## Problem statement
Exactly as they appear below, repeat the lines from the one with "panorama_wearecity_koeln.png" through the one with "Smart Differential Pressure", and no others.

## Given information
-----
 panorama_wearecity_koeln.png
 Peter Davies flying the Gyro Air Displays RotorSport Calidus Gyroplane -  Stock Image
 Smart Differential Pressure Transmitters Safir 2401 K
-----
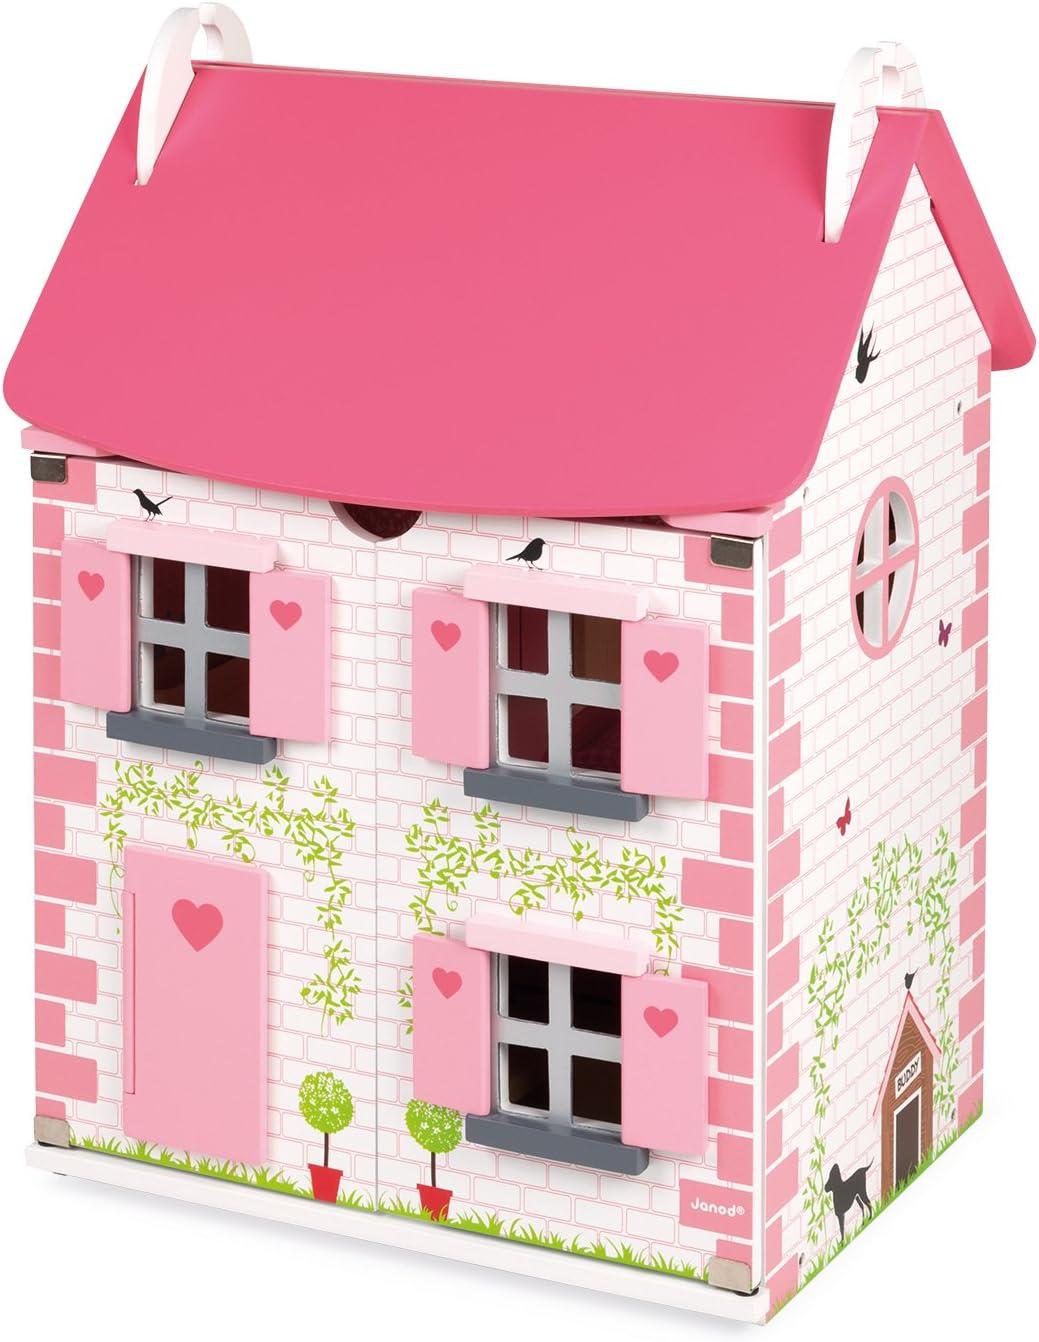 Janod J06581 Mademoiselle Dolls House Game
-----
## Response to this exercise
 panorama_wearecity_koeln.png
 Peter Davies flying the Gyro Air Displays RotorSport Calidus Gyroplane -  Stock Image
 Smart Differential Pressure Transmitters Safir 2401 K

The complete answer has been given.